Not surprisingly, directors including Steve McQueen and Barry Jenkins and talent such as Amandla Stenberg, Jeffrey Wright, Melissa McCarthy, Penelope Cruz, Kelly Marie Tran, Natalie Portman, Olivia Wilde, Geena Davis, Carey Mulligan, Liam Neeson and Brian Tyree Henry had lots to say on the subject.
There’sIno doubt that Stella Meghie’s “The Weekend” is chock full of up-and-coming actors. There’s “Saturday Night Live” alum Sasheer Zamata in the leading role along with “She’s Gotta Have It’s” DeWanda Wise, “Insecure’s” and “The First Purge’s” Y’lan Noel and “Disjointed’s” Tone Bell.
But despite the fresher energy they all bring, respect is paid to the veteran of their cast, Kym Whitley. When asked about working with the comedic heavyweight, one word came to mind: “Joy.”
One of the films with the biggest Oscar buzz at the Toronto International Film Festival is Alfonso Cuarón’s “Roma,” fresh off its award-winning debut at the Venice Film Festival. Its three stars, Nancy Garcia, Marina de Tavira and Yalitza Aparicio, stopped by the Los Angeles Times film and video studio to discuss working with Cuarón.
“It was incredible for me because to start, I didn’t know, not even in my wildest dreams, I'd ever get to do a project like this,” said Garcia. “To work alongside Alfonso, having him help, encourage and motivate me to get the best out of me, I think that was incredible.”
De Tavira added: “For me it was a really transforming experience because I was the only actress in the cast. I was working with non-actors and contrary to what you can think, it was me that had to get in the mood that they were all working [in]... Alfonso was asking me to not think as an actress but as a character and I think, this sounds easy, but it's not.”
Hollywood knows Viola Davis as a fierce force to be reckoned with.

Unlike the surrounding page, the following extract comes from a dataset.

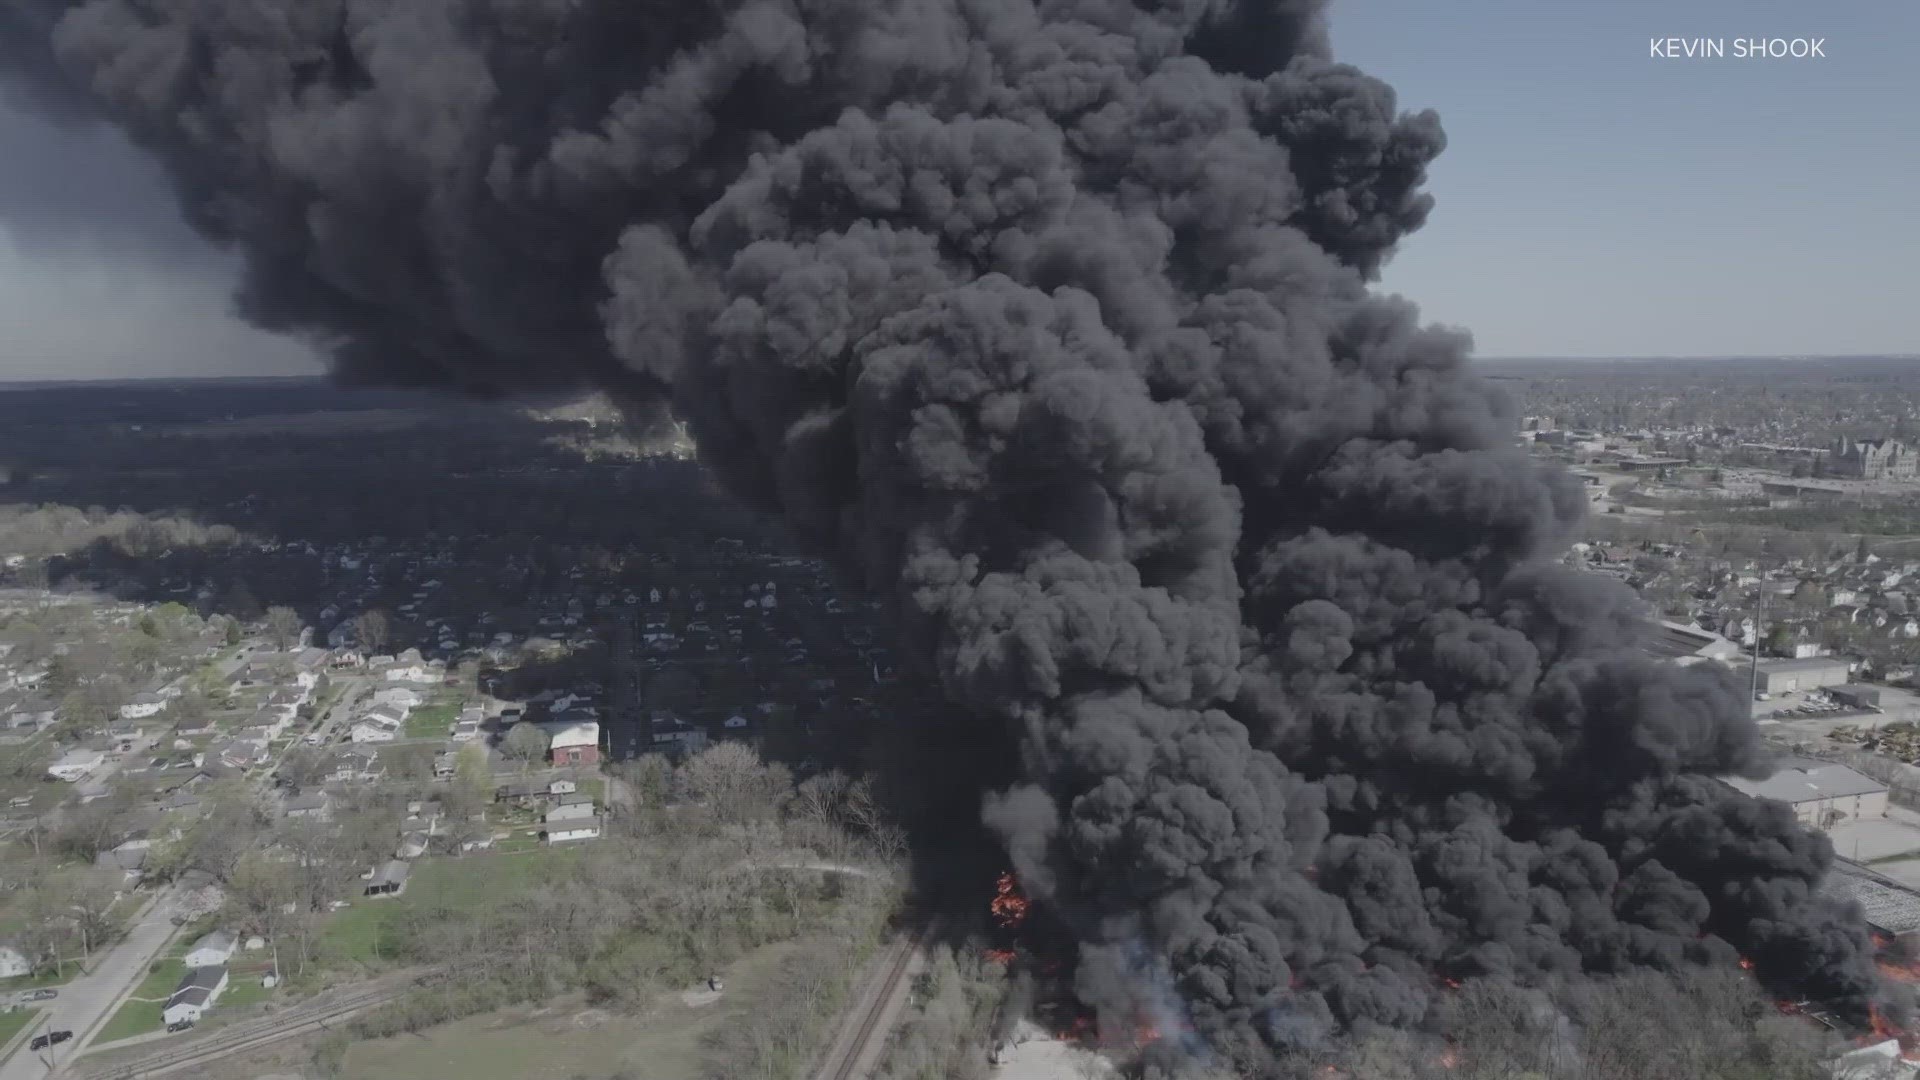 The city released images from 2019 showing piles of recyclables that leaders feared could – and ultimately did – fuel a massive fire.

Just one Grammy shy of the EGOT and positioned to score more awards consideration for her turn in Steve McQueen’s Nov. 16 heist thriller “Widows,” she’s one of the industry’s most commanding stars.
But, Davis revealed at the L.A. Times studio at the Toronto International Film Festival, making the role her own meant peeling back layers of toughness to find “a level of femininity and vulnerability” that Hollywood has not historically seen in her.
“I don’t get to play roles in movies where I am rolling around in bed with Liam Neeson,” Davis said with a laugh in the Times studio, flanked by her “Widows” costars Elizabeth Debicki, Cynthia Erivo and Michelle Rodriguez.
All four praised the McQueen film, co-scripted by the director with novelist and screenwriter Gillian Flynn (“Gone Girl”), for granting them the rare opportunity to step out of the boxes the industry might otherwise keep them in.
“Sometimes you get a role that helps you to slay certain dragons in your own life, just certain obstacles, and this was one of those roles for me,” Davis said. “It just was a transformative role, a role for me to go to another level of vulnerability.”
This year’s Toronto International Film Festival has an unexpected onslaught of movies centered around female singers. There’s the splashy “A Star Is Born,” starring Lady Gaga, the headier “Vox Lux” with Natalie Portman, the rootsy “Wild Rose” featuring a breakout turn by Jessie Buckley and the yearning “Teen Spirit,” with Elle Fanning.
And then there is “Her Smell,” a wild, churning character study like no other starring Elisabeth Moss as Becky Something, the leader of a fictional ’90s rock group called Something She.
Just like its lead character, the film is aggressive and purposefully obnoxious. It more or less dares an audience to live through its forceful, unrelenting energy — and the self-destructive, pushy pitch of Moss’ performance — for most of the two-hour-plus running time to ultimately get to a place of serenity, self-knowledge and grace.